How to complete this task
Copy only what lies from the line containing "zdjęcie przedstawia hotelowy" through the line containing "How to fix the app Hi-News.ru" in the entries below, keeping both end lines exact and dropping every picture.
====== Dataset entries ======
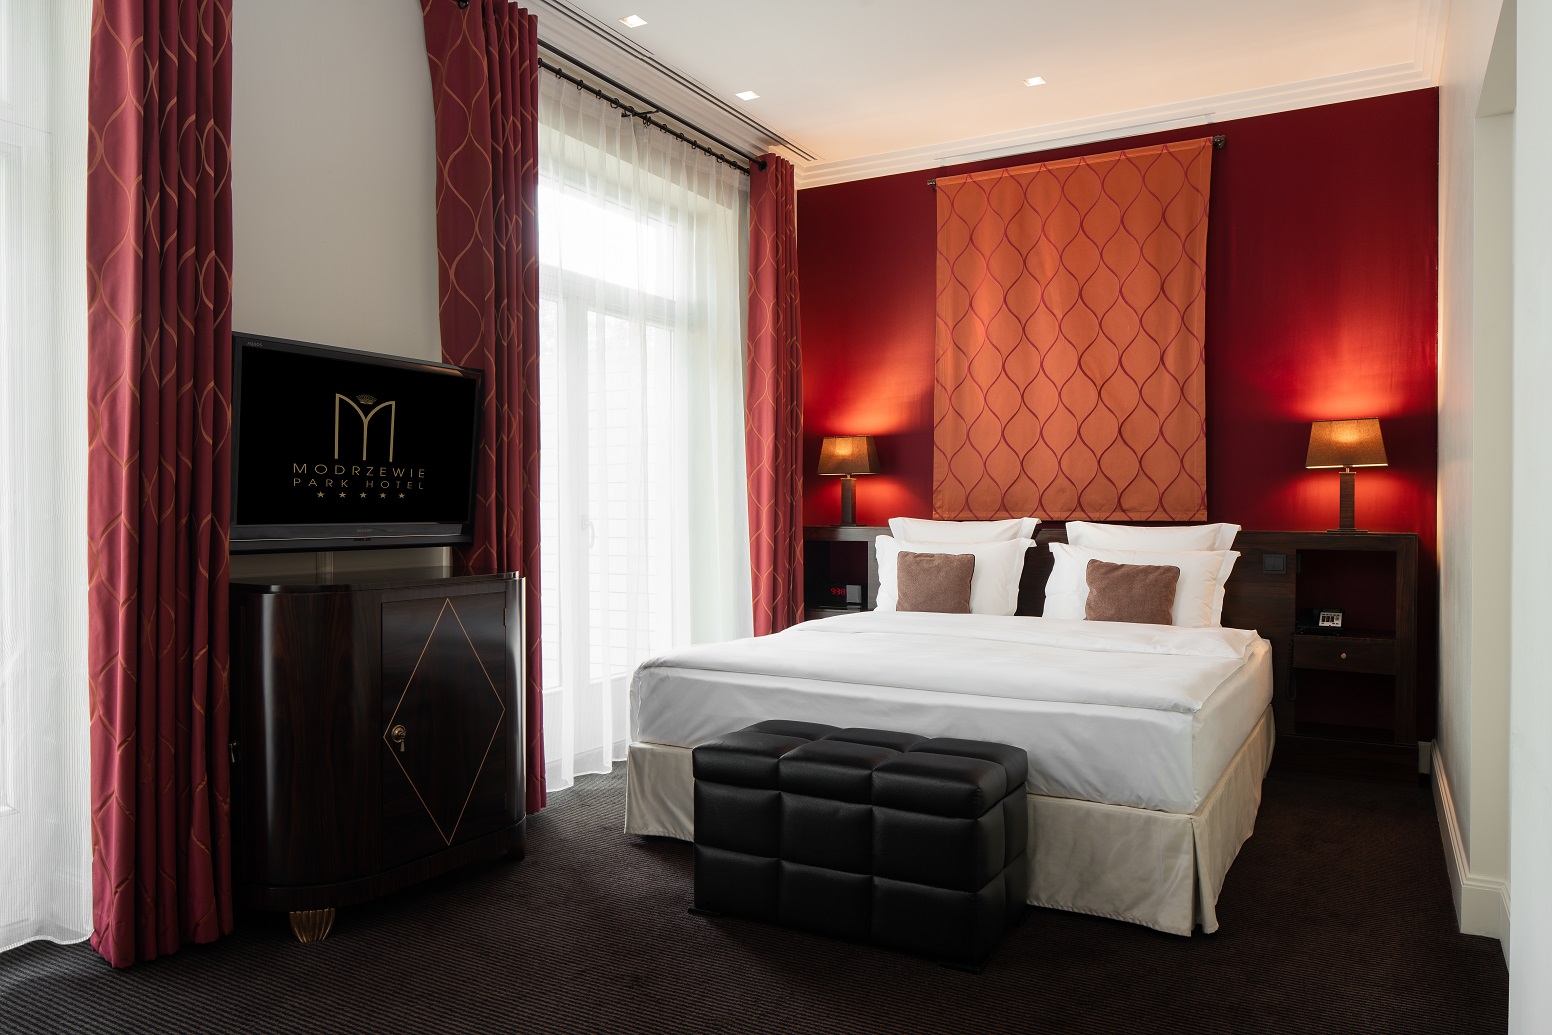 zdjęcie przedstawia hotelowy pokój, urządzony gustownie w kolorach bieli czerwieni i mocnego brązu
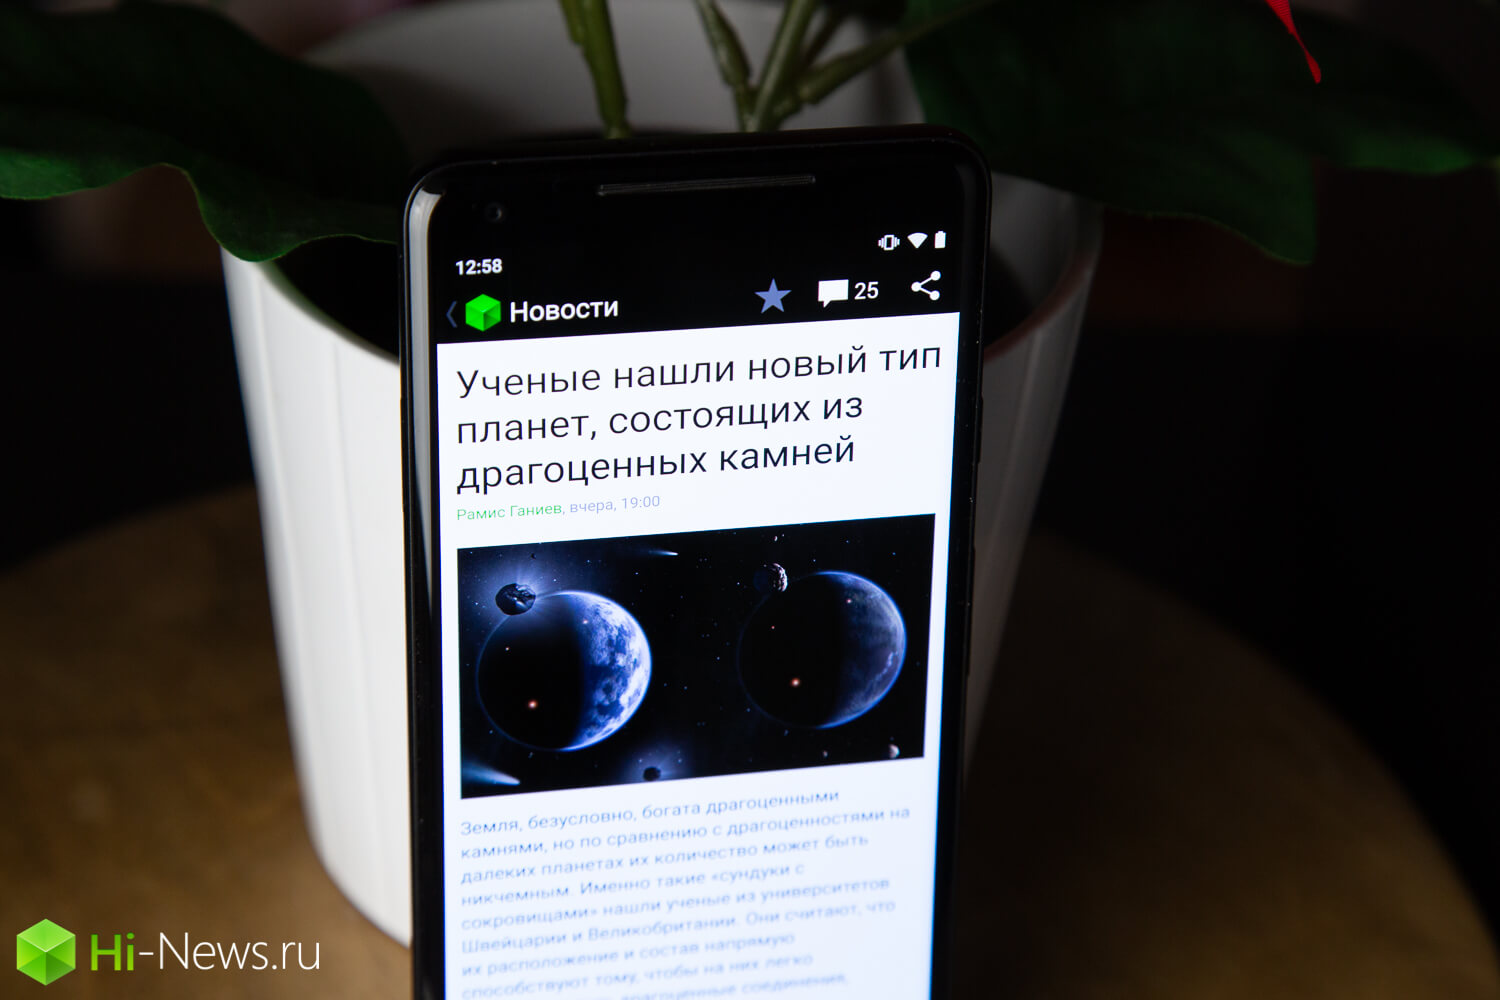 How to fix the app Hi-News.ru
======
====== Dataset entries ======
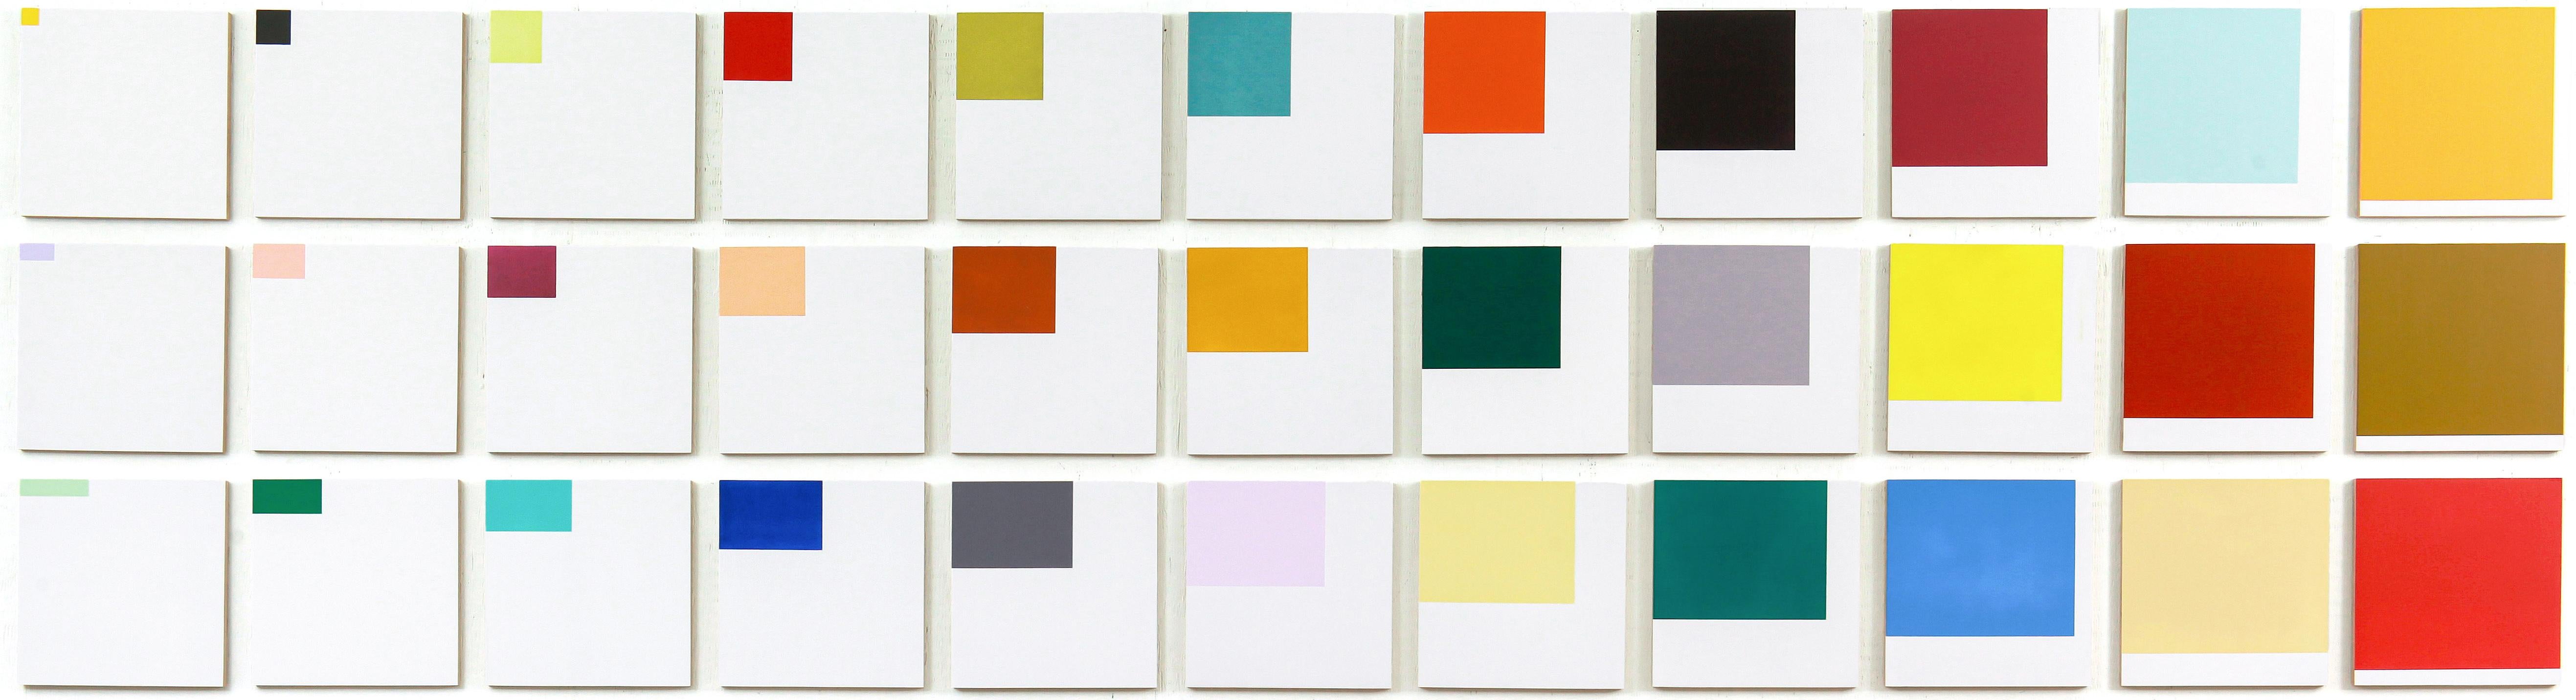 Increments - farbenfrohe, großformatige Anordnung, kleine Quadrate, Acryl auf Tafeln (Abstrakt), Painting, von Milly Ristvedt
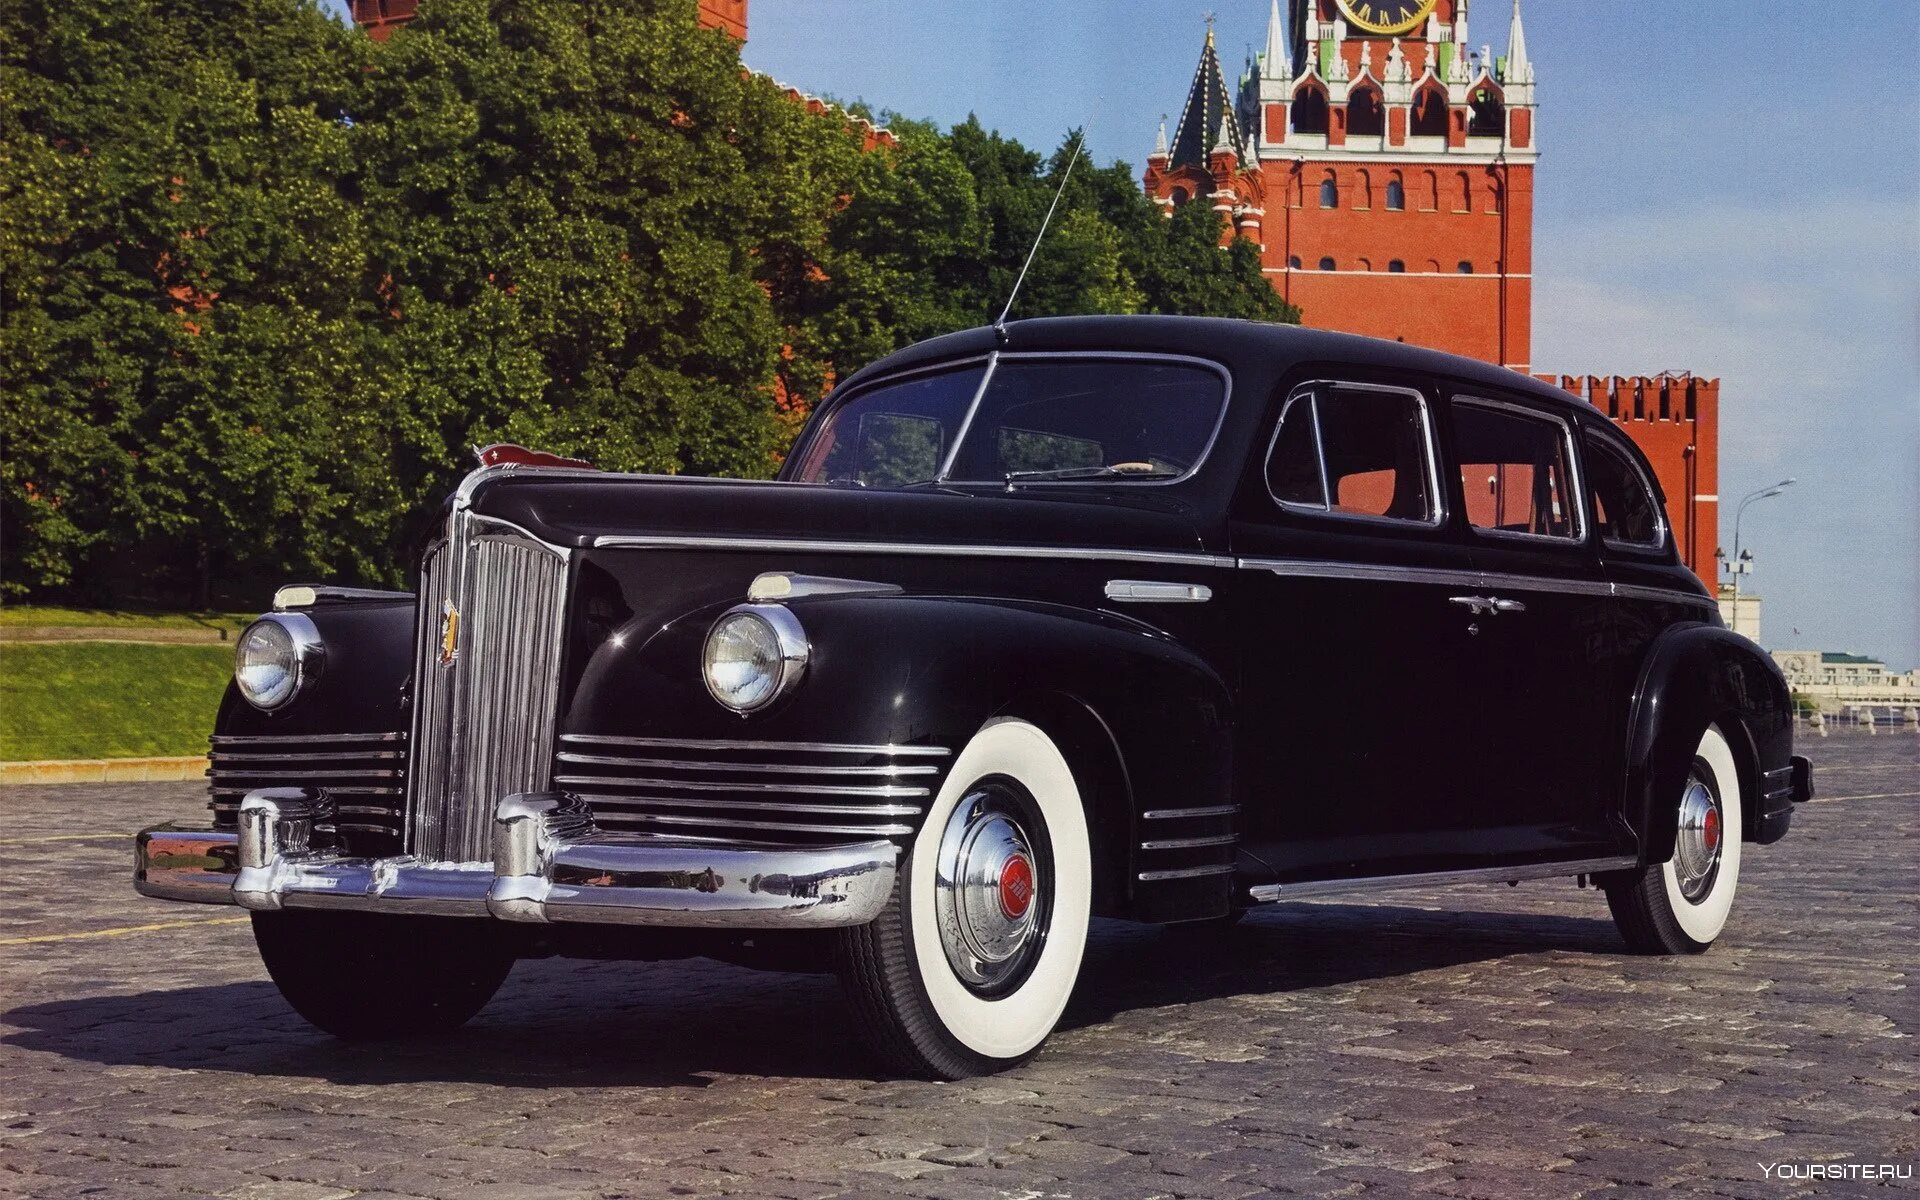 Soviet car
======
====== Dataset entries ======
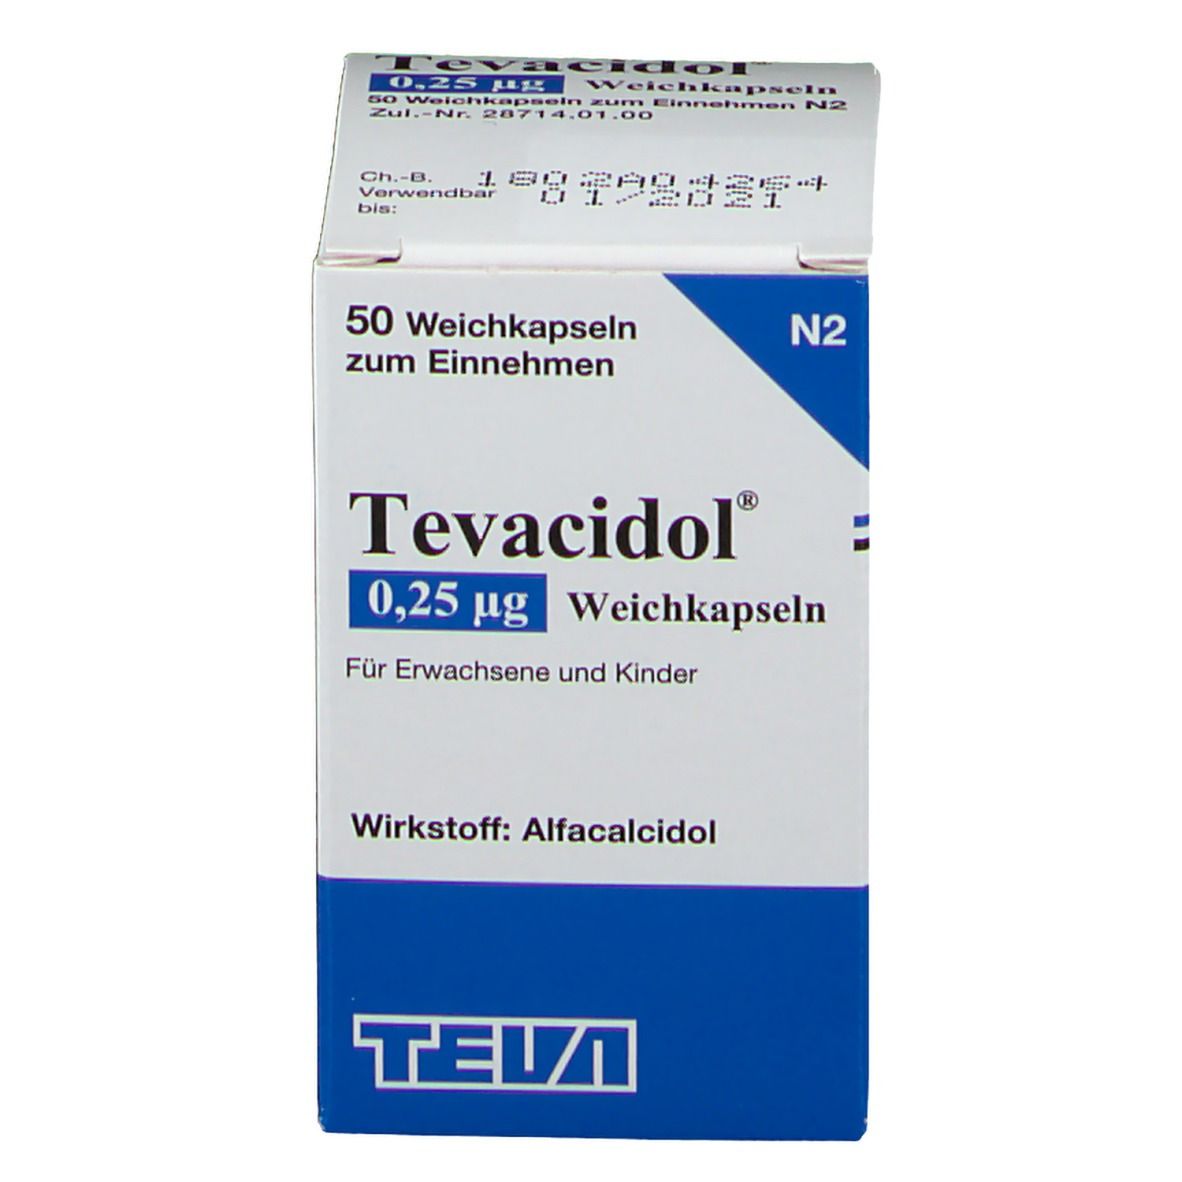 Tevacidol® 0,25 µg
======
Your response
 zdjęcie przedstawia hotelowy pokój, urządzony gustownie w kolorach bieli czerwieni i mocnego brązu
 How to fix the app Hi-News.ru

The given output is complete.